Closed uiur closed 5 years ago
@uiureo Thank you for the detailed information. We will look into this.
I have the same Segmentation fault error. It only occurs when I add the stackdriver
. Our app is running on Puma, with Ruby 2.5.1 on GKE.
Full log here: https://gist.github.com/lucaong/63e815c05b0db59618baebed56b4616b
Interestingly, we run two different kubernetes deployments of the same app, one is the web application and the other is the background job workers.
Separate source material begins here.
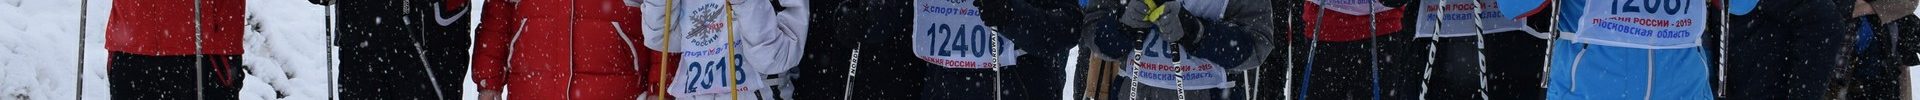 Лыжный переход «От храма к храму, от спорта к вере!» в Рогачевском благочинии стал рекордным по числу участников
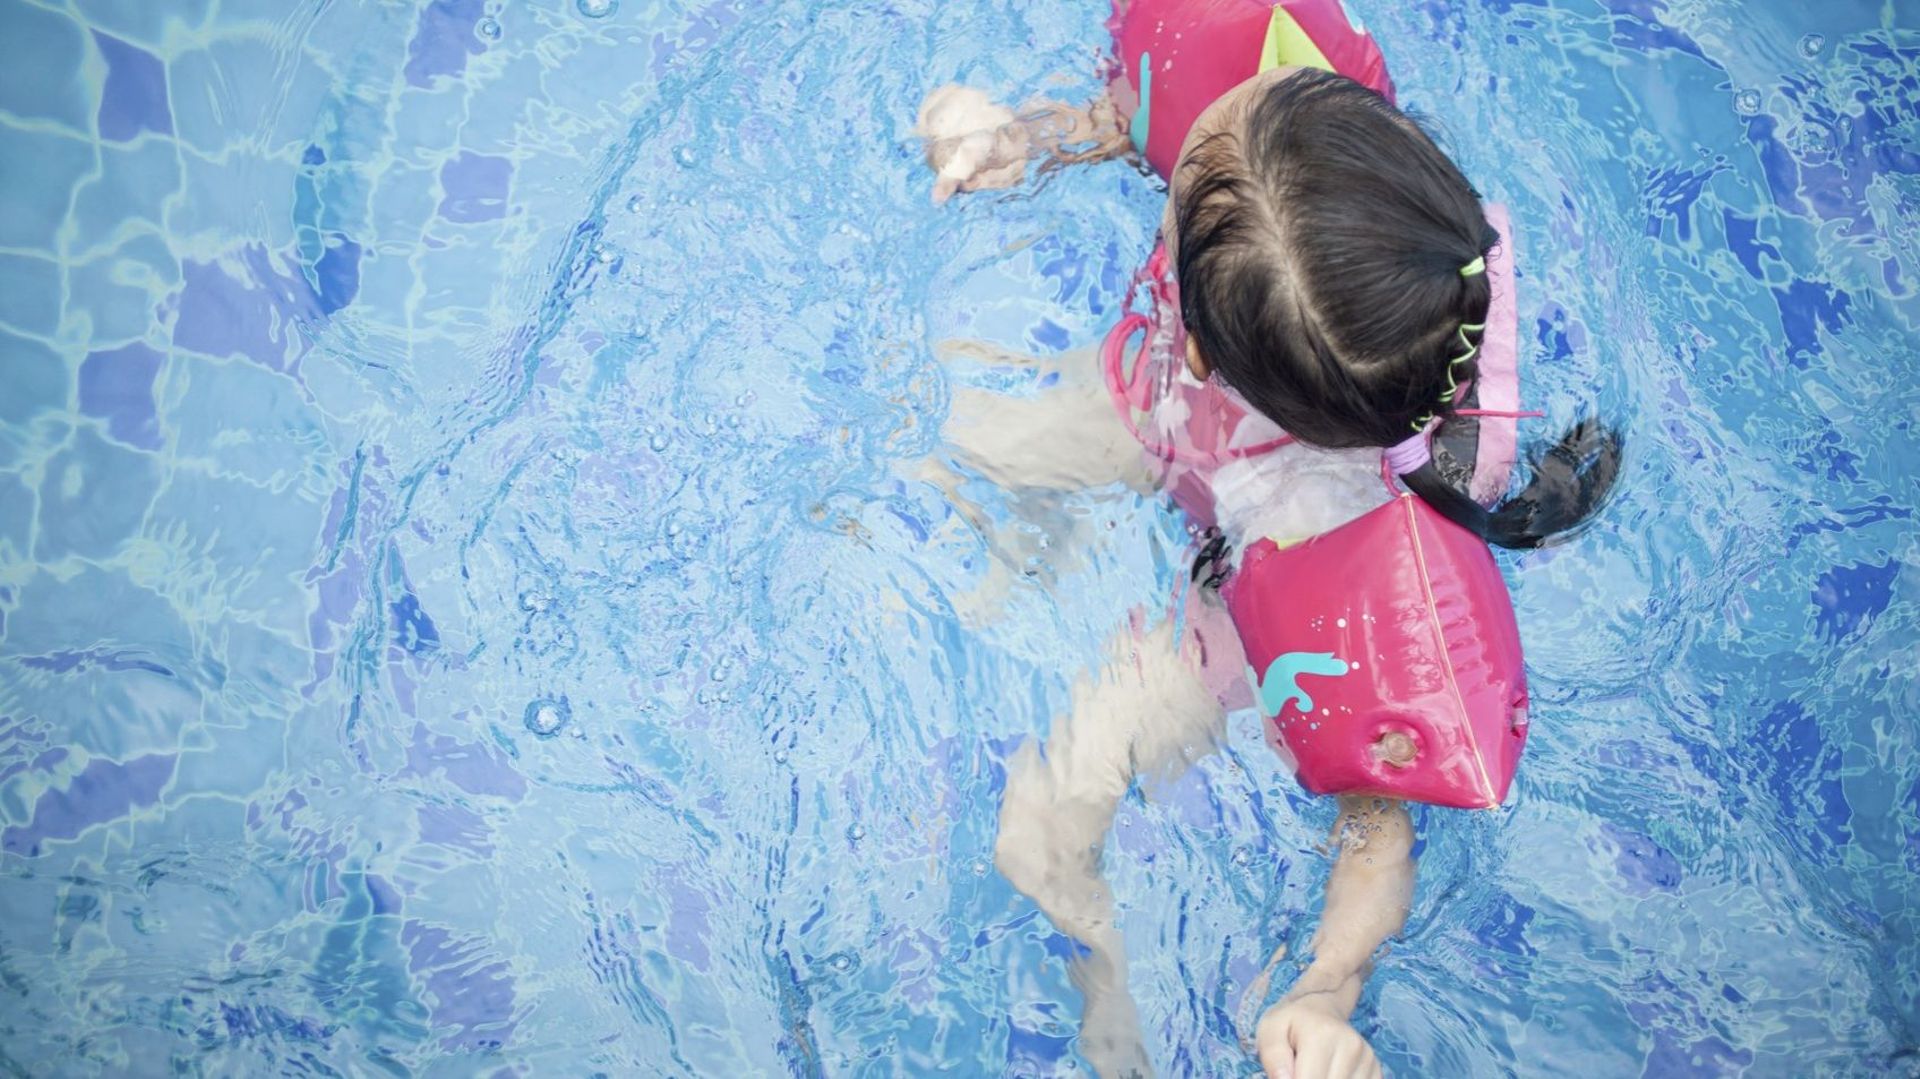 Baignade des enfants : choisir un maillot flottant plutôt qu'une bouée

Only the latter seem to be affected by this.
Also, but possibly unrelated, close to the segfault we observe often multiple times these errors too:
E ruby: ../nptl/pthread_mutex_lock.c:352: __pthread_mutex_lock_full: Assertion `INTERNAL_SYSCALL_ERRNO (e, __err) != ESRCH || !robust' failed.
Possibly related to https://github.com/protocolbuffers/protobuf/issues/4460
There is no mention of protobuf
in the stacktrace, but the chain of methods that get called when /google-cloud-logging-1.5.4/lib/google/cloud/logging/async_writer.rb:322
calls MonitorMixin::ConditionVariable#broadcast
and wakes up awaiting threads ends up calling this: https://github.com/googleapis/google-cloud-ruby/blob/master/google-cloud-logging/lib/google/cloud/logging/v2/logging_service_v2_client.rb#L395
, which uses protobuf from Google::Gax
same here, on puma with the same ruby and rails versions
@uiureo @lucaong @fruwe I've been asked to look into this more and am wondering if we can get more information about when you see this. Is this segfault happening immediately on app start? Or does it happen after the app has been running? How often do you see this segfault? How heavy is your app being run when you see this? How many threads/workers are you running when you see this?
Any information you can provide is very much appreciated. I haven't reproduced this myself, so providing a small app/docker image that does repro would also help immensely.
@blowmage Thanks a lot. I already removed the gem until it is fixed, but as far as I can remember, the segfault happened on startup and without any load (staging environment). We were using 2 threads and 2 workers
Same here, the segfault was happening both on staging and in production (staging with no load). In our case though, only the background job workers were affected.
The workers are Rails ActiveJob running with Sneakers (RabbitMQ job queues for Ruby) on 4 workers per machine, 10 maximum threads per worker.
We removed the gem and instead wrote a log formatter and exception logger for the Stackdriver JSON format. Removing the gem, the issue is gone, and we simply log to stdout, with logs being collected correctly into Stackdriver by the GKE infrastructure.
Was this using docker? If so, was it using a common or custom image?
In our case, it runs on Docker, on an image derived from the official ruby:2.5.1
image. On top of it, we basically just install NodeJS and build our Rails 5.2 app.
I am also getting random segfaults, cannot always reproduce
Ubuntu 18.04, ruby 2.5.1 using rbenv, Rails 5.2.1, stackdriver gem 0.15.3
require 'stackdriver'
in config/application.rb
opening the Rails console rails c
running an arbitrary command such as Rails.logger
to see that it uses the Google::Cloud::Logging::Logger
exiting with CTRL+D
-> causes segfault
example:
/home/dirk/.rbenv/versions/2.5.1/lib/ruby/gems/2.5.0/gems/spring-2.0.2/lib/spring/application.rb:171: [BUG] Segmentation fault at 0x0000000000000000
ruby 2.5.1p57 (2018-03-29 revision 63029) [x86_64-linux]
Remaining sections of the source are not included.